On Liberation Course, Syria Sets Sights on Idlib
Syrian soldiers stand holding a picture of President Bashar al-Assad at the Nassib border crossing with Jordan in the southern province of Dara’a on July 7, 2018. (Photo by AFP)
Syrian President Bashar al-Assad says government forces have turned their focus on Idlib, noting that liberation of the northwestern province is one of the military’s priorities.
"Now Idlib is our goal," Assad told Russian media outlets on Thursday.
The province holds the largest concentrations of Takfiri terrorists, who have fled there from ongoing liberation operations by the country and its allies, including Russia.
The Syrian head of state, however, asserted that the operations will not be just focusing on Idlib. "The military -- and it is at their discretion -- will decide priorities and Idlib is one of these priorities," he said.
"There are of course territories in the eastern part of Syria that are controlled by various groups... So we will be moving into all these regions," he said.
"Now we have liberated Ghouta, we will finish the liberation of the southwestern part of Syria," Assad said.
Ghouta, a suburb of the capital Damascus, was cleansed of terrorist presence back in March after months of operations.
Last month, the country began counter-terrorism operations at its southern tip, which comprises the provinces of Dara’a, Quneitra, and Sweida.
On Saturday, members of a Western-backed "aid group," which is accused by Damascus and Moscow of working with Takfiri militants and staging false flag gas attacks in Syria, were evacuated to an Israeli military base as the army was closing in on Quneitra.
Members of a Western-backed aid group accused of working with Takfiri militants and staging false flag gas attacks in Syria have reportedly been evacuated to an Israeli military base.
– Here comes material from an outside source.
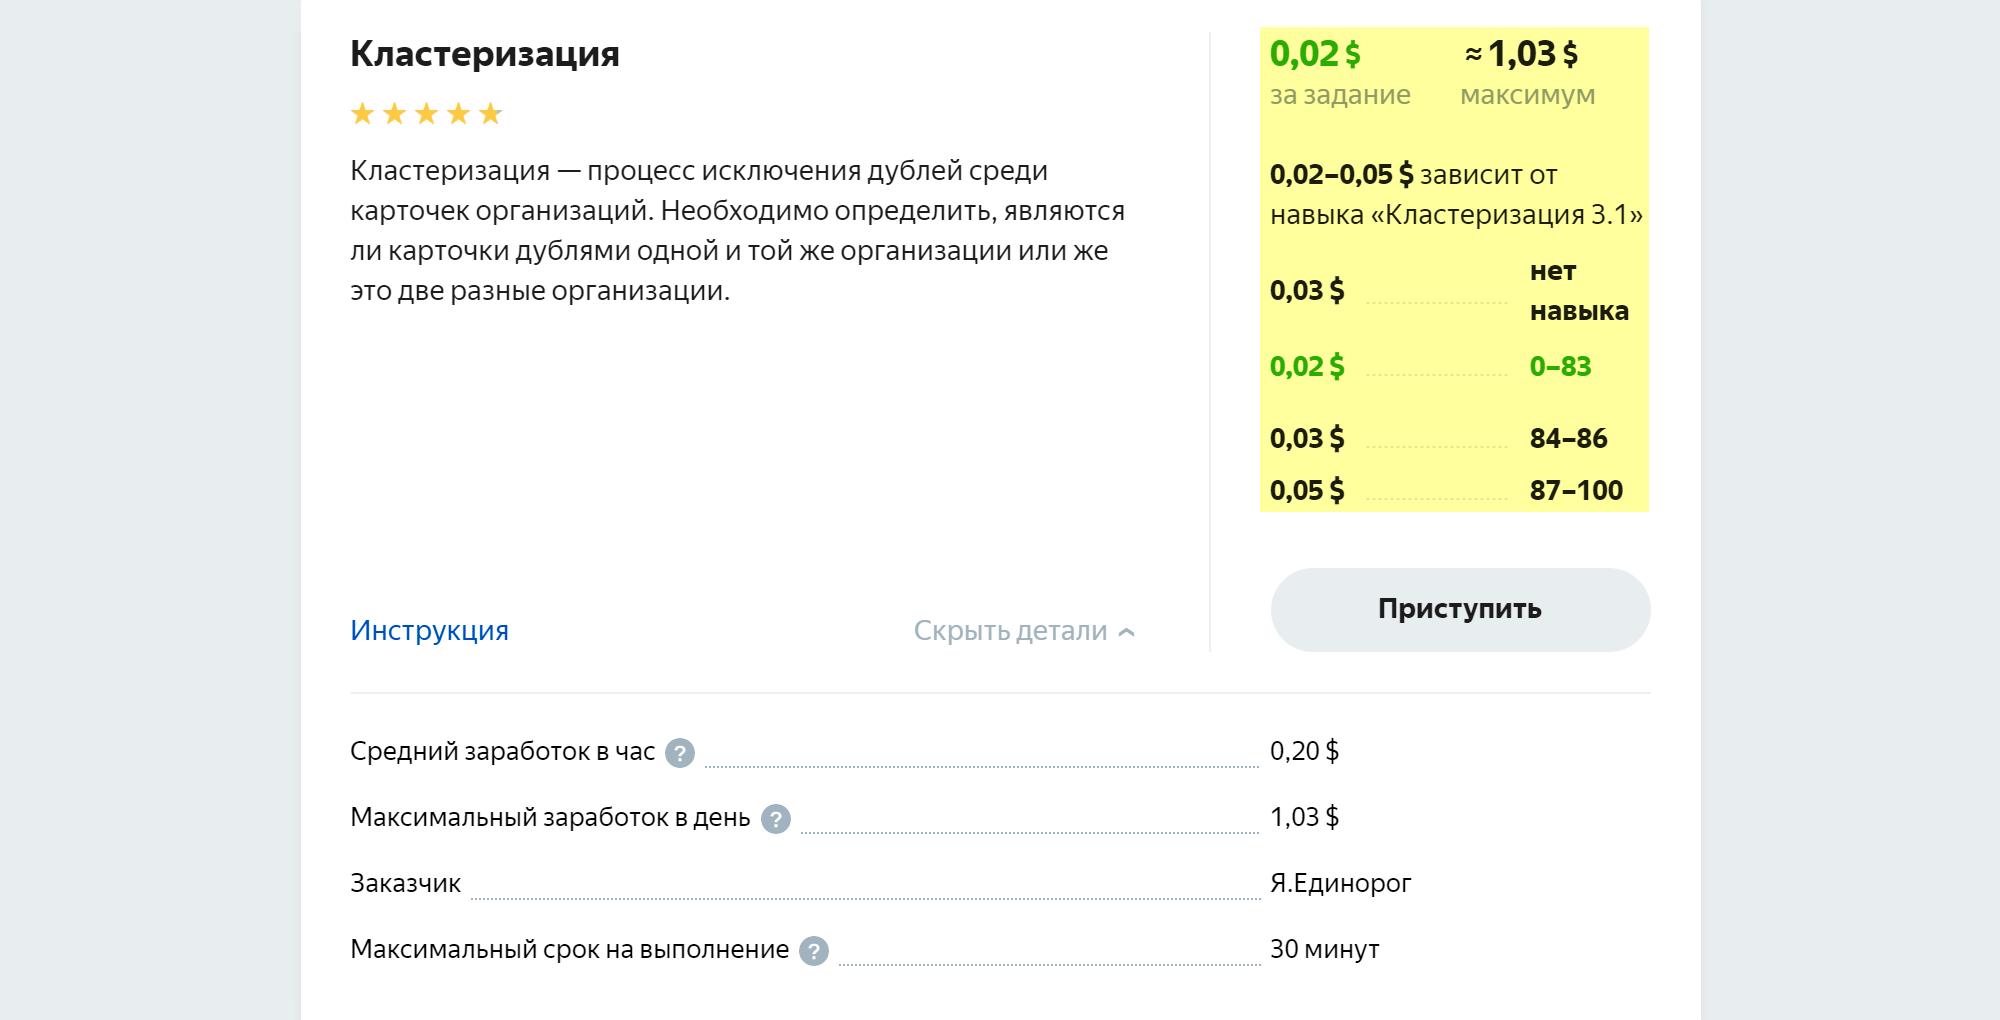 За кластеризацию платят в среднем 20 центов в час (12,6 рублей). Ее заказывает «Яндекс-единорог» — сервис, который занимается данными об организациях, а вовсе не радугами

The operation began after a call by the United States, and expression of readiness by its allies Britain, Germany, and Canada to take the evacuees in.
Hundreds of the so-called White Helmets are still reportedly present on the Syrian soil.
The Syrian chief executive equaled the White Helmets’ members with terrorists, saying they did not deserve any better treatment than terrorists unless they surrendered.
"Either they can lay down their arms as part of an amnesty ongoing for four or five years, or they will be liquidated like any other terrorist," he said.
Assad finally appealed for Syrian refugees, especially those who had their own businesses in the country, to return.
The Syrian president has called “rebuilding” a priority, now that the country is slowly emerging from seven years of foreign-backed militancy and terrorism.